Joycelyn Elders: Cuba better at keeping people healthy

                 HAVANA, Cuba (AP) -- Former U.S. Surgeon General Joycelyn Elders
                 said Wednesday that Cuba's health care system is better at keeping
                 people healthy than the U.S. system.

                 After a two-day tour to speak with doctors and tour medical facilities on the
                 communist island, Elders said she was impressed with the quality of Cuba's
                 preventative, primary health care, especially compared with the U.S. system.

                 "Cuba's is better," she said. "They work at keeping people healthy."

                 Elders said the United States still had better health care for patients who were
                 sick.

                 Cuba lacks important medicines and equipment, said many of the five doctors
                 who traveled to Cuba in the trip sponsored by the Disarm Education Fund. The
                 group has sent more than $65 million worth of medicines and medical supplies
                 to Cuba.

                 The Cuban government has long argued against the four-decade long embargo
                 against its country, and an increasing number of Democrats and Republicans
                 have called for its end.
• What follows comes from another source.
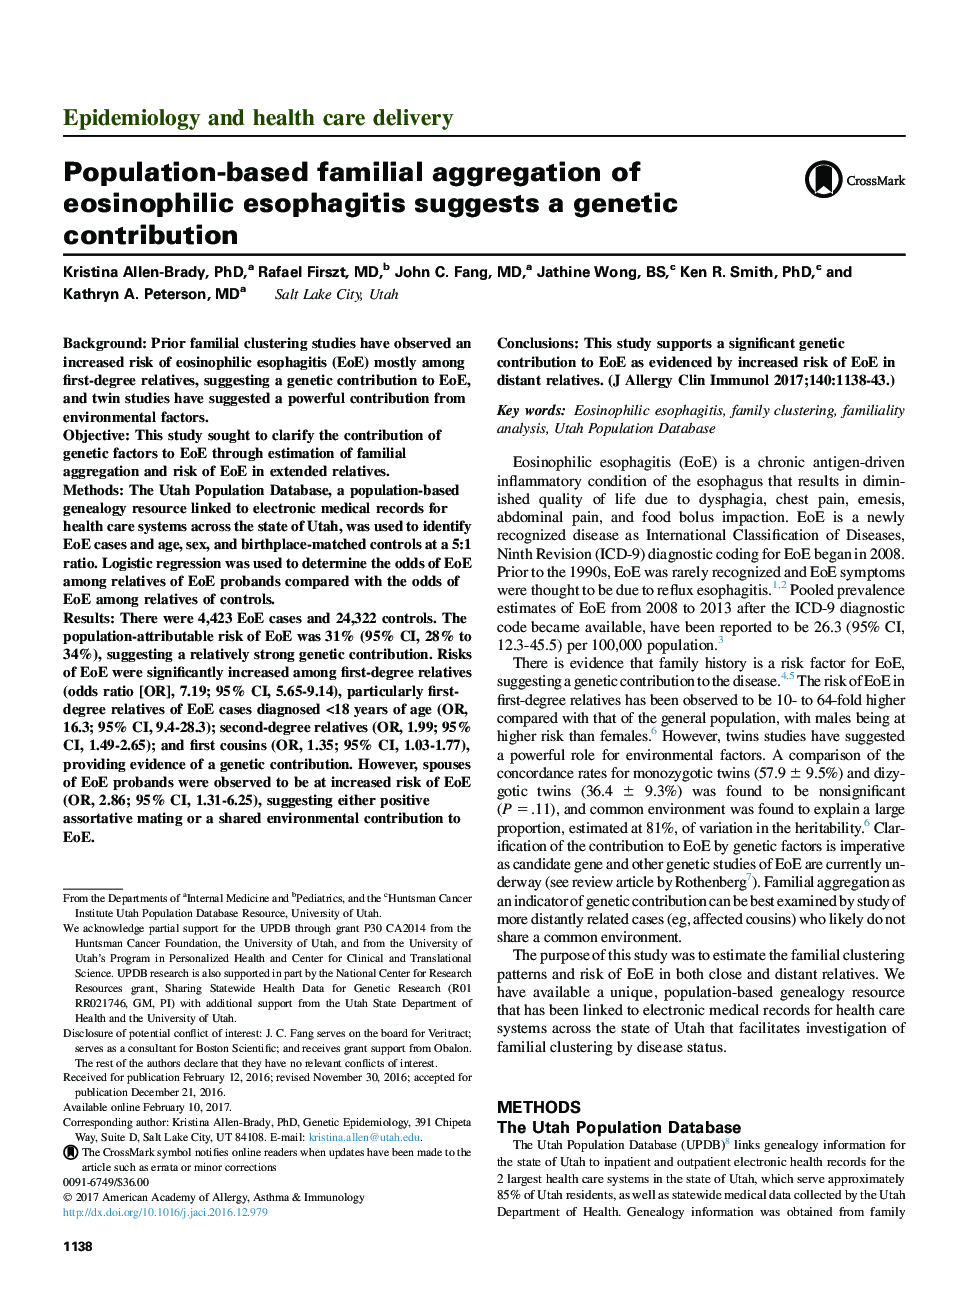 تجمع خانوادگی مبتلا به یوزافاگیت ائوزینوفیلیک مبتنی بر جمعیت، سهم ژنتیکی را نشان می دهد 
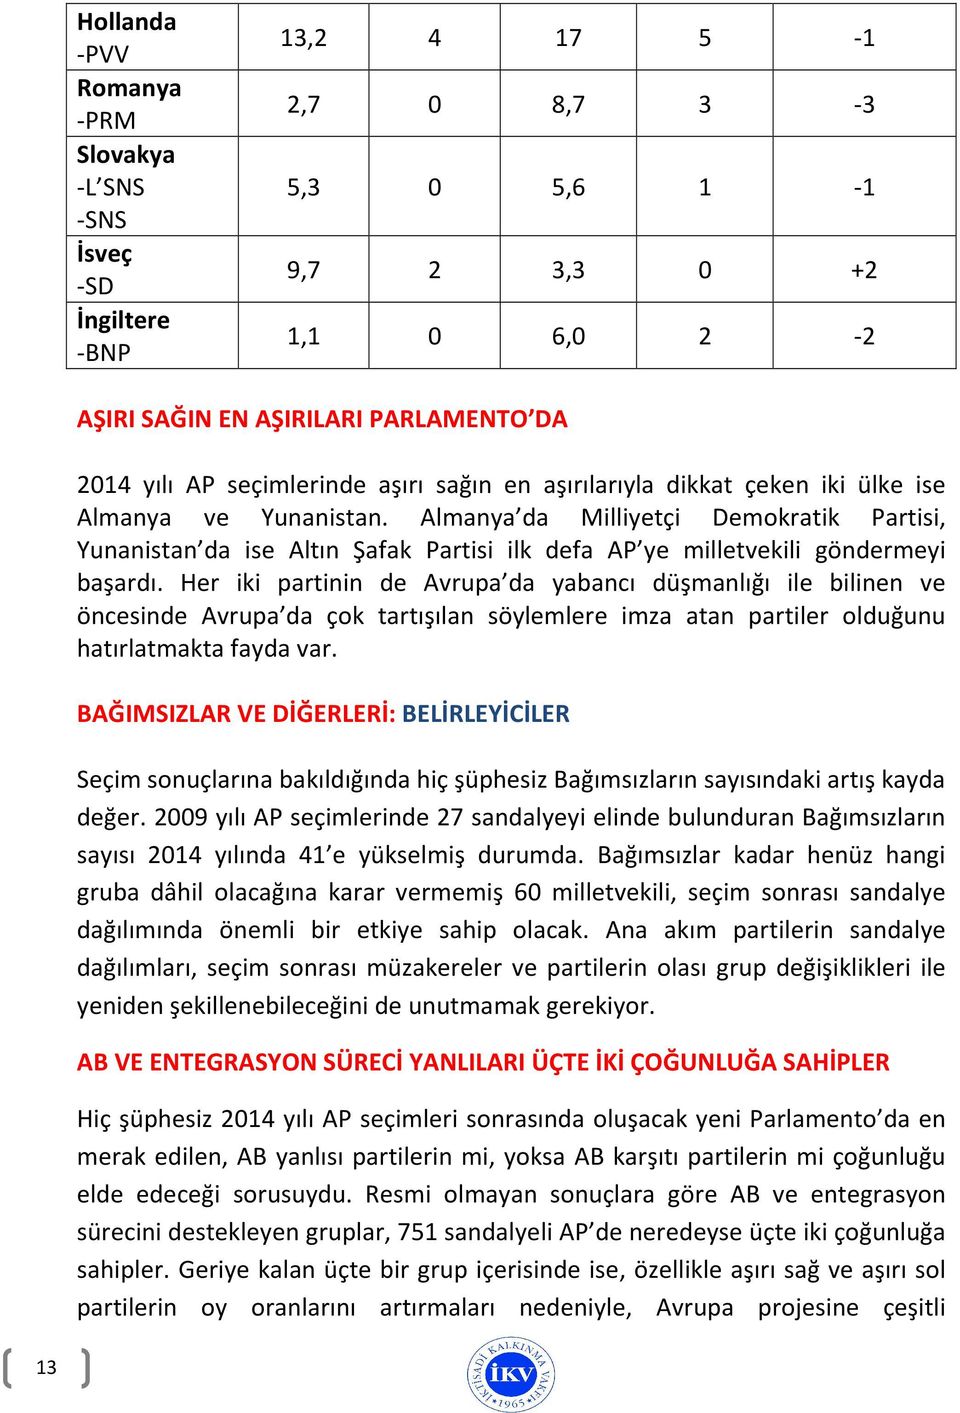 Almanya da Milliyetçi Demokratik Partisi, Yunanistan da ise Altın Şafak Partisi ilk defa AP ye milletvekili göndermeyi başardı.

                 President George W. Bush, however, has said he wants to maintain current U.S.
                 policy toward Cuba.

                 Elders served as the 16th surgeon general, from 1993-95, under President
                 Clinton. She was fired in December 1994 after saying at a United Nations AIDS
                 conference that discussion of masturbation should be part of sex education in
                 schools.

                   Copyright 2001 The Associated Press.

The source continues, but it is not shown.